Uno de estos últimos se implementó en algunas escuelas,
a instancia de docentes y de historiadores porteños que invitaron
a los chicos a recordar sus orígenes.
Por
Sergio Kiernan
En
la década del 90 tuvimos una buena idea: asumir que los argentinos,
como todo el resto de las tribus del mundo, tenemos un problema de intolerancia.
Por muchos años, este problema como la homofobia, el machismo,
el abuso infantil quedó tapado por las urgencias políticas
de un país apretado por los militares. Parecía frívolo
hablar de racismo cuando no se podía ni votar al intendente, resultaba
imposible hacer algo al respecto cuando se torturaba y secuestraba.
Hablar de prejuicios es sano. Es comenzar a ver que somos capaces de ser
victimarios y no sólo víctimas, como nos acostumbramos a
sentirnos y como muchos siguen sintiéndose. En este país
que lucha por salir del tercer mundo, en este país sin importancia
que es llevado como el viento por los procesos que protagonizan las potencias
y donde tantos se sienten nada, es posible encontrar alguien más
indefenso que nosotros, y pisarlo.
Argentina tiene sus wetbacks, que no cruzaron el río Grande con
sus hijos a cuestas pero llegaron a una Buenos Aires que está tan
lejos en el espacio y el tiempo de Bolivia o Perú como lo está
Chihuahua de Los Angeles. Hay un morboso sentido de la superioridad que
se despierta en unos cuantos al encarar al inmigrante pobretón
y morocho: sentirse por un minuto dueño de algo deseable, dejar
de ser el último orejón del tarro, ser como un gringo, tener
más que el otro. Si la pregunta que le quisiéramos hacer
al raro residente europeo o norteamericano es ¿por qué
se te ocurrió quedarte acá?, la pregunta que le hacemos
al inmigrante latinoamericano es ¿por qué voy a dejarte
quedar acá?.
Dividirse en colonias, como las amebas, es una pulsión humana.

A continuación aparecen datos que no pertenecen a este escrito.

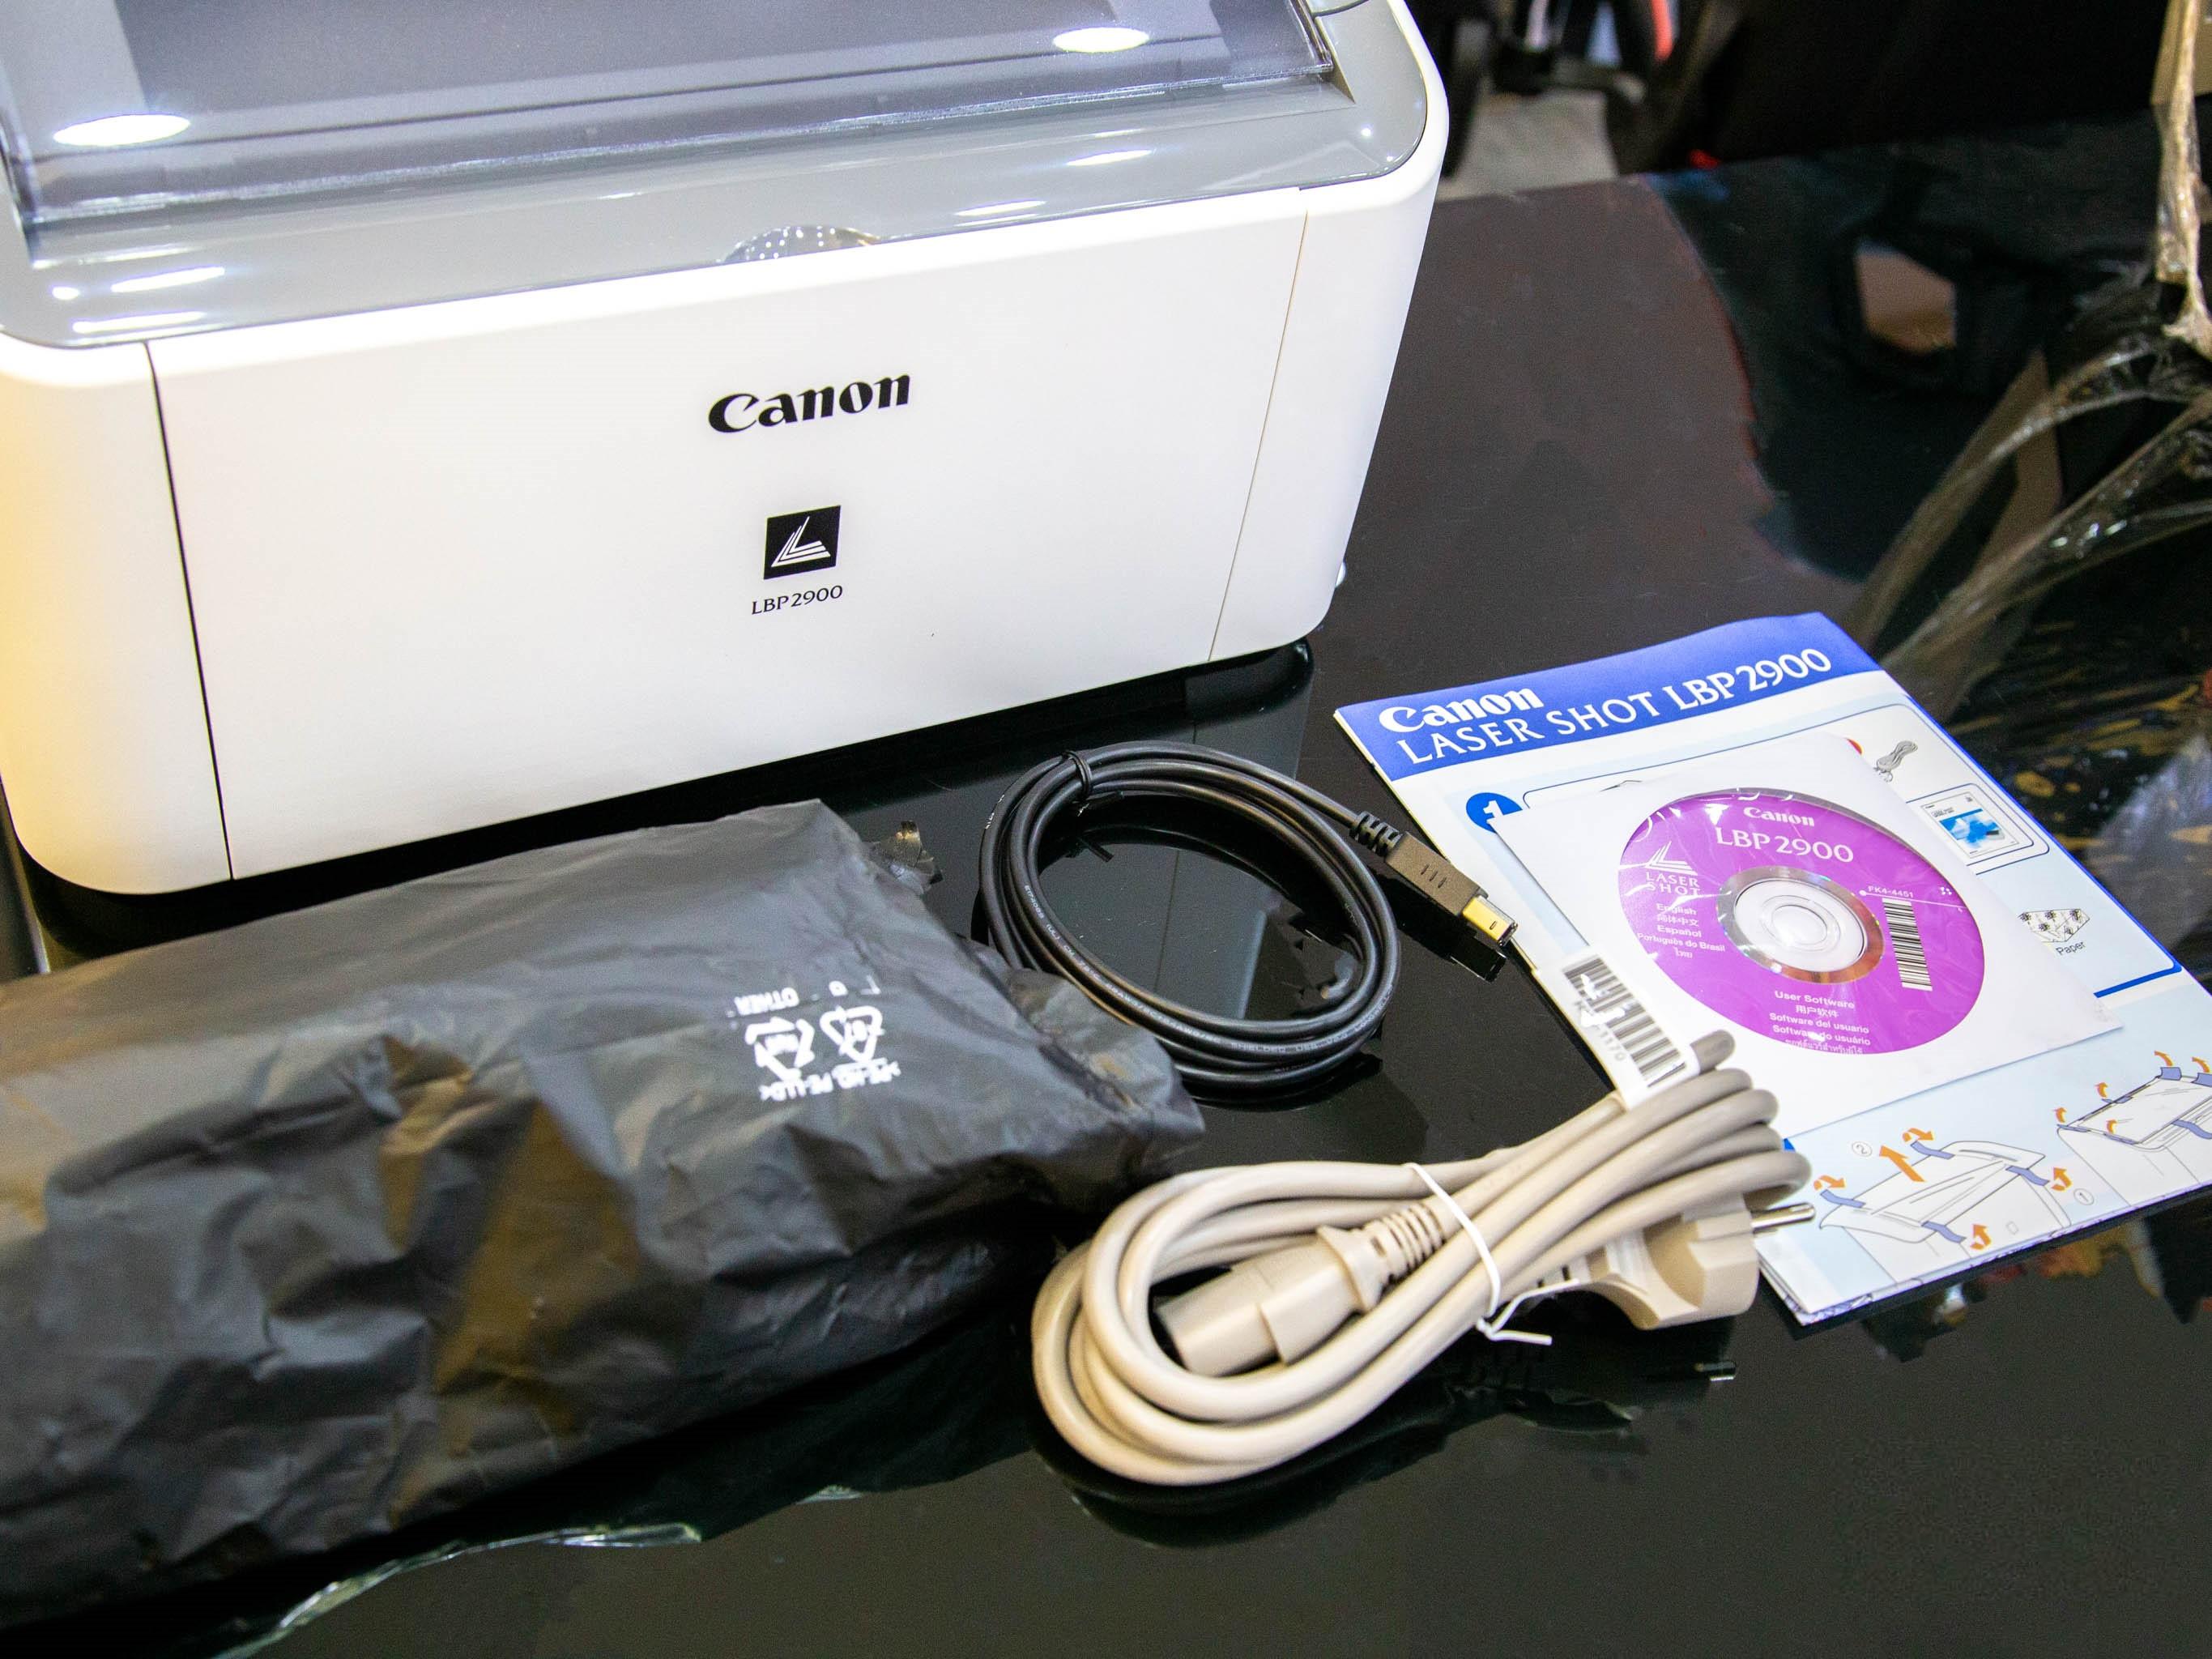 may-in-canon-laser-printer-lbp-2900

Recorrer los odios étnicos del mundo es encontrarse con grupos
que detestan violentamente a otros grupos que, de lejos, resultan indistinguibles:
baluchistanes que asesinan pashtunes, serbios que queman croatas, tutsis
que masacran hutus, etíopes que guerrean duramente contra somalíes.
En fin: una Babel de idiomas incomprensibles, de historias ignotas, de
gente que se mata a machetazos por un pasado que es una nota al pie y
a nadie le importa.
Lo que demuestra que el racismo no es una realidad objetiva sino una construcción
cultural. En el caso argentino, la discriminación y el prejuicio
reflejan fielmente la doble fuente de la población: el antisemitismo
importado de Europa, el desprecio al indígena heredado de la Conquista.
Diecisiete años de democracia no sólo crearon conciencia
de esta mala leche argentina: también crearon mecanismos nuevos,
tanto de defensa como de ataque. La derecha autoritaria nunca se había
molestado en convencer, reclutar, juntar voluntades. Cuando quería
el poder, lo tomaba por la fuerza. Cerrada esta opción, se articula
en movimientos de opinión. Esto puede cambiar la única nota
fresca que existe en el panorama del racismo argentino: su falta de peso
político. Al contrario de Estados Unidos o Europa, donde el racismo
sirvió y sirve para juntar votos y crear partidos, Argentina nunca
había salido del prejuicio difuso, personal. Daniel Hadad, entre
otros, parece haber descubierto este nicho vacante y estar dispuesto a
explotarlo. El inmigrante ilegal, invariablemente morocho
y latinoamericano, asoma como argumento de campaña de esta derecha
interesada en los temas sociales, en travestis y manos duras, que defiende
desde el populismo el trabajo argentino.
La iniciativa derechista refleja en paralelo la aparición de un
nuevo sentido común que acepta por fin que hay racismo y lo ve
como una amenaza a nuestra misma cohesión como sociedad. Que Argentina
tenga una ley antidiscriminatoria que se está mostrando apta y
sensata, que el senador que la promovió sea ahora el Presidente,
que los jueces la acepten, que ONGs y ciudadanos particulares promuevan
demandas usándola, es una muestra de los anticuerpos sociales.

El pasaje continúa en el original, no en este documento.